CBS adds four newcomers, axes two oldies, rescues Medium
05/20/09 10:12 AM
By ED BARK
Without A Trace and The Unit no longer are in CBS' picture, but Medium and an NCIS spinoff are.
The No. 1 network in total viewers announced its new fall schedule and some midseason entries Wednesday. Three new dramas and a comedy are coming this September while Medium will be compatibly paired with Ghost Whisperer on Friday nights after NBC gave up the ghost. CBS has a track record of profiting at NBC's expense. It picked up JAG after the Peacock dropped it. And you know how that went.
To make room for Medium, CBS canceled its Canadian import, Flashpoint, which had settled in between Ghost Whisperer and Numb3rs. The first-year series Eleventh Hour also was dropped.
Without a Trace, which had a seven-season run, will be supplanted on Tuesday nights at 9 (central) by a new legal drama starring Julianna Margulies. On Sunday nights, The Unit's spot goes to Cold Case which is being moved back an hour. The Unit premiered in March 2006.
CBS also announced that Rules of Engagement again will await a midseason berth. This season's biggest freshman hit, The Mentalist, will be moved from Tuesday's at 8 p.m. to Thursdays at 9 p.m., where it will inherit a lead-in audience from the network's still potent CSI: Crime Scene Investigation before going head-to-head with NBC's The Jay Leno Show.
Here are CBS' four new fall series:
NCIS: Los Angeles (drama) -- The spinoff, introduced this spring, stars Chris O'Donnell and LL Cool J. O'Donnell plays special agent "G" Callen, a "chameleon" who infiltrates the criminal underworld in various guises. Cool J is Navy SEAL Sam Hanna, a veteran of both Afghanistan and Iraq.
The Good Wife (drama) -- Julianna Margulies, best known for her starring role on ER, stars as defense attorney Alicia Florrick. She re-enters the legal profession after her husband is jailed in a public sex and political corruption scandal. Nice. Hubby is played by fellow TV vet Chris Noth (Law & Order, Sex and the City).
Three Rivers (drama) -- Hunky Alex O'Loughlin, cast as a vampire in CBS' short-lived Moonlight, is recast as blood-drawing Dr. Andy Yablonski, an organ transplant surgeon. He heads a team where "every moment counts during dealings with "donor families in their darkest hours."
Accidentally On Purpose (comedy) -- Jenna Elfman, who came to prominence in ABC's Dharma & Greg, returns to prime-time as a newspaper film critic who unexpectedly becomes pregnant during a dalliance with her younger "boy toy." They decide to keep the baby and live together platonically while her boss (played by Grant Show) tries to renew their un-platonic relationship.

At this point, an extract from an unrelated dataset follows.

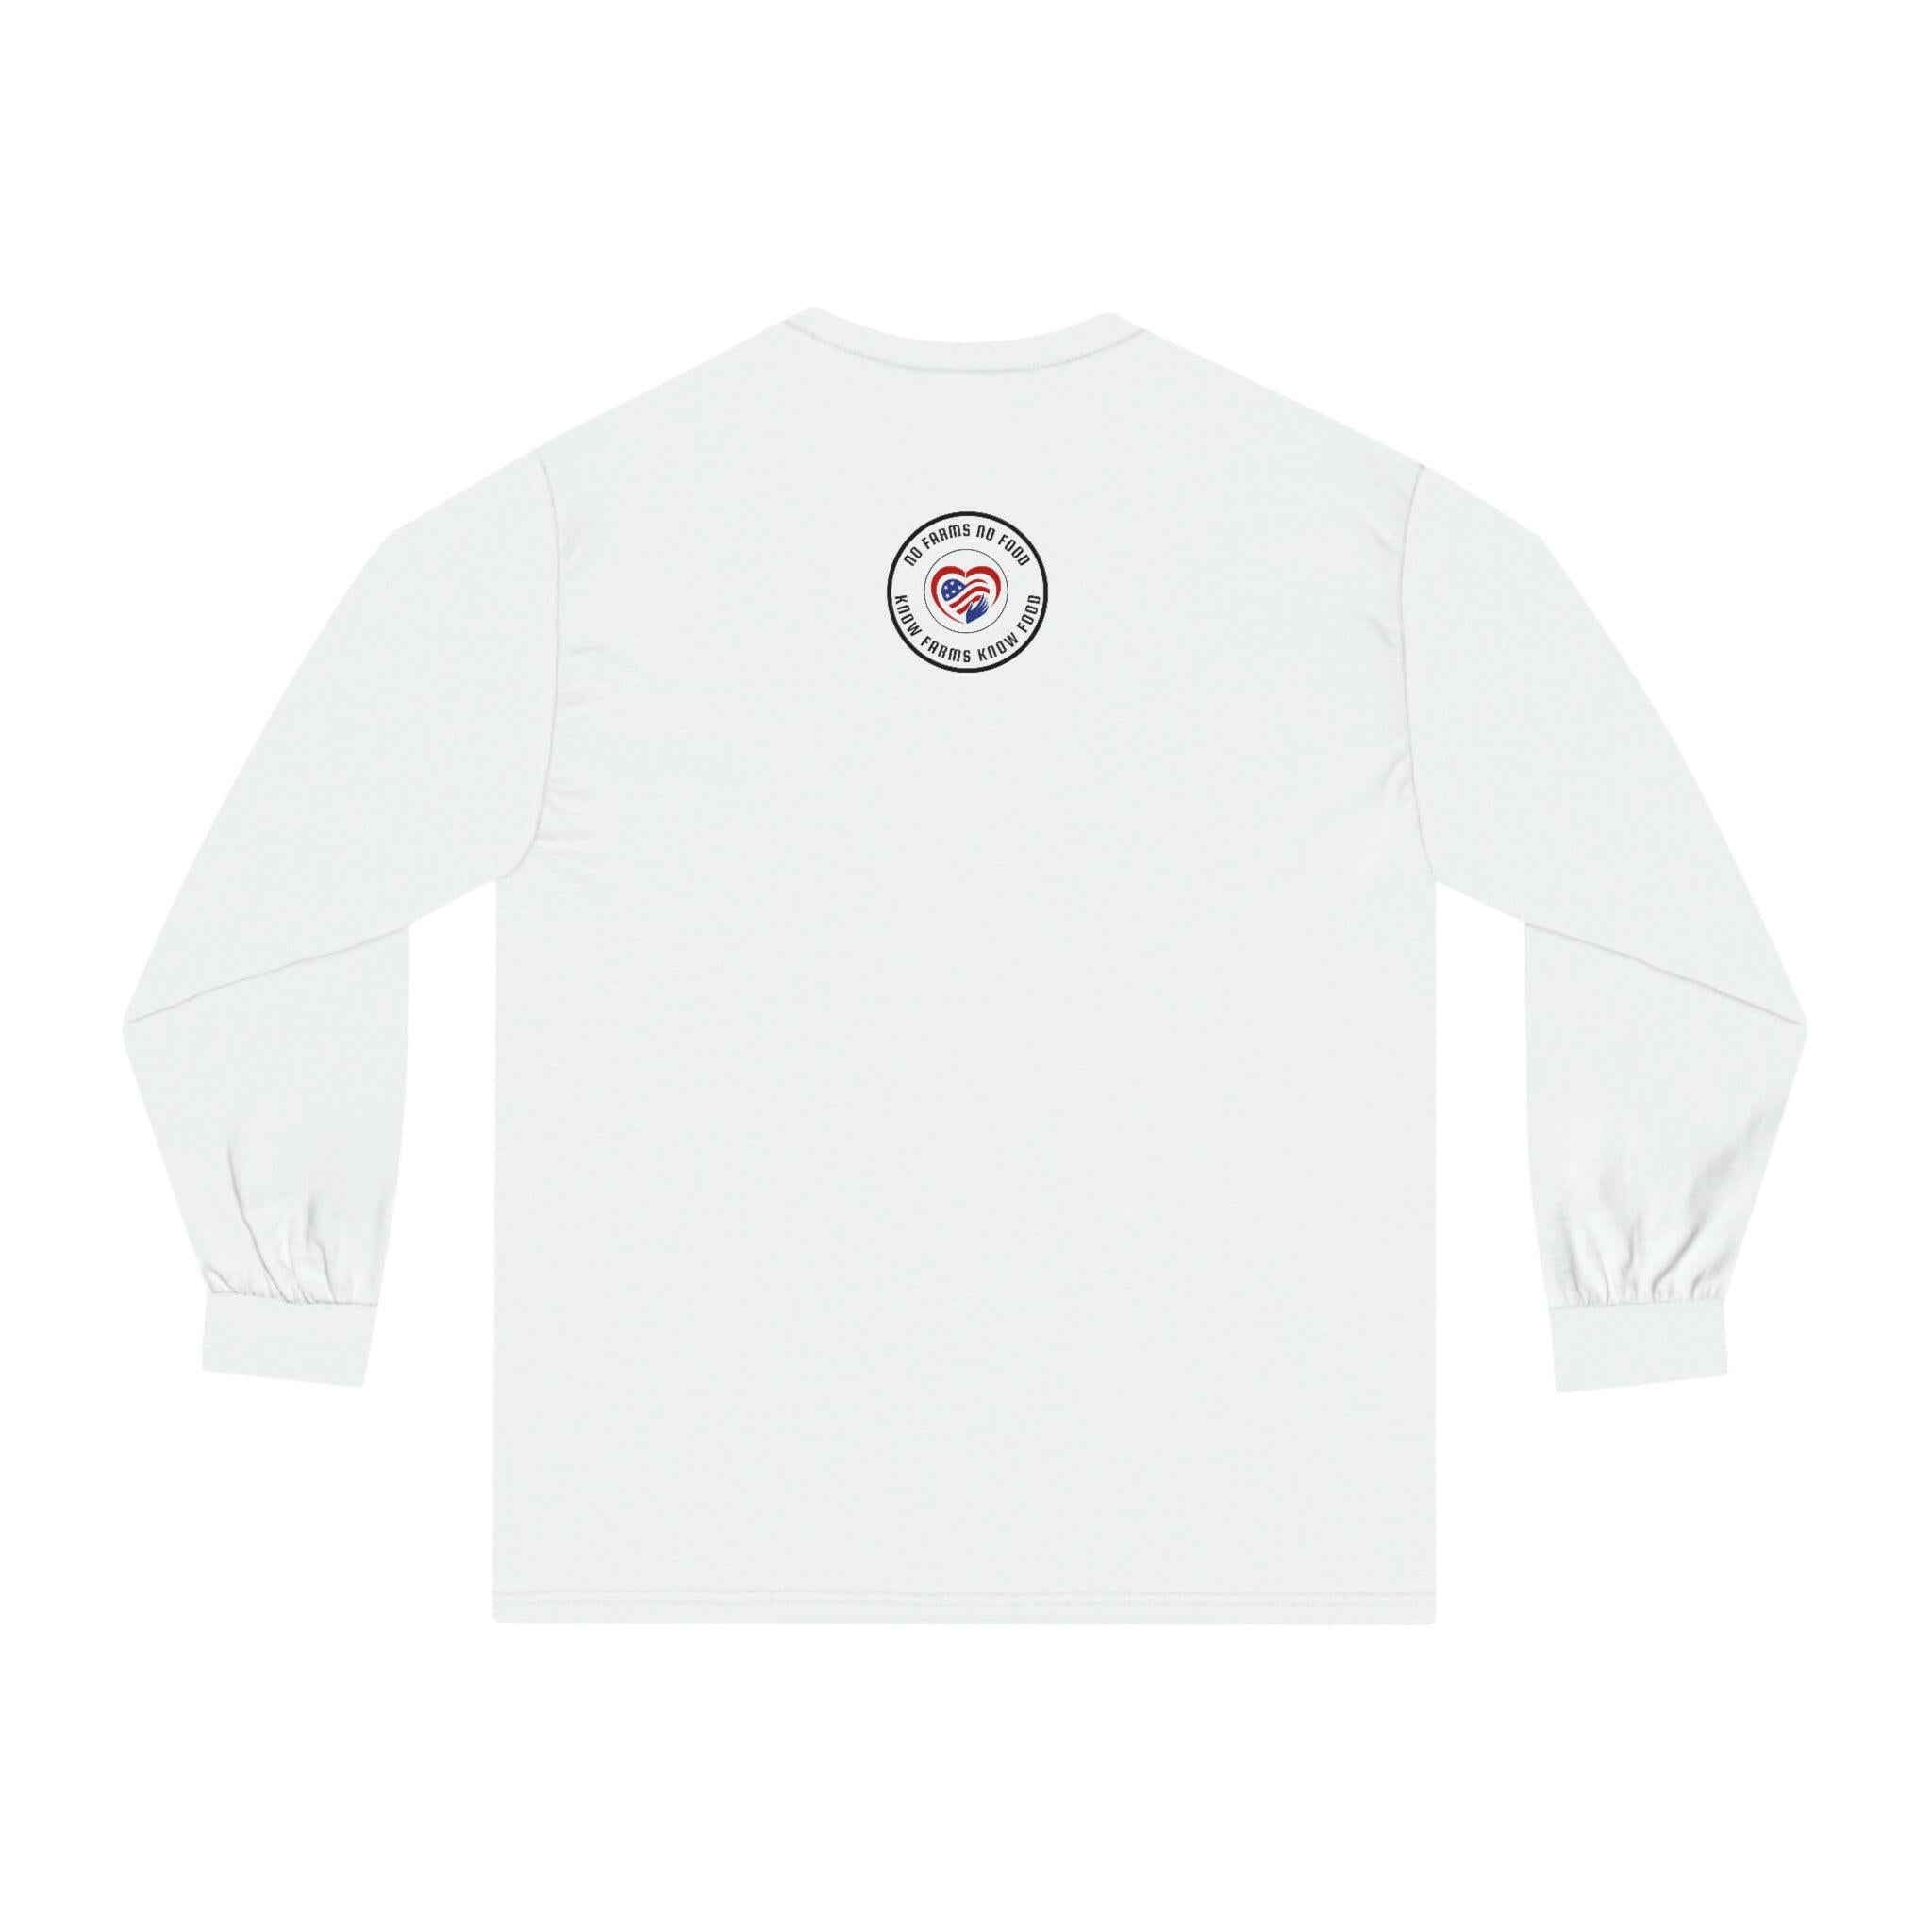 Hand Over Heart - Unisex Classic Long Sleeve T-Shirt.

Here's CBS' night-by-night fall schedule, with all times central
MONDAY
7 p.m. -- How I Met Your Mother
7:30 p.m. -- Accidentally On Puurpose
8 p.m. -- Two and a Half Men
8:30 p.m. -- The Big Bang Theory
9 p.m. -- CSI: Miami
TUESDAY
7 p.m. -- NCIS
8 p.m. -- NCIS: Los Angeles
9 p.m. -- The Good Wife
WEDNESDAY
7 p.m. The New Adventures of Old Christine
7:30 p.m. -- Gary Unmarried
8 p.m. -- Criminal Minds
9 p.m. -- CSI: NY
THURSDAY
7 p.m. -- Survivor
8 p.m. -- CSI: Crime Scene Investigation
9 p.m. -- The Mentalist
FRIDAY
7 p.m. -- Ghost Whisperer
8 p.m. -- Medium
9 p.m. -- Numb3rs
SATURDAY
7 p.m. -- Crimetime Saturday
8 p.m. -- Crimetime Saturday
9 p.m. -- 48 Hours Mystery
SUNDAY
6 p.m. -- 60 Minutes
7 p.m. -- The Amazing Race
8 p.m. -- Three Rivers
9 p.m. -- Cold Case
CBS also has announced these midseason new series:
Miami Trauma (drama) -- A crack team of surgeons strut their stuff and clash with one another in a medical hour from CSI franchise creator Jerry Bruckheimer. Starring a cast of unknowns.
The Bridge (drama) -- Charismatic cop Frank Leo (newcomer Aaron Douglas) "battles criminals on the street, corruption in the ranks and his own bosses." Boy, they're always coming up with original concepts, aren't they?
Arranged Marriage (reality) -- Three adults yearning to get hitched allow their family and friends to "choose someone for them to marry based on shared goals, values, experiences and the commitment to make it work." Then cameras follow them around.
Undercover Boss (reality) -- High-level corporate execs secretly slip into the "lowest level jobs within their companies." They supposedly learn about themselves, how the company is really run and what their employees think of them. Oh, if only this was set at The Dallas Morning News -- and I was still there. Happy happy, joy joy. But no dice.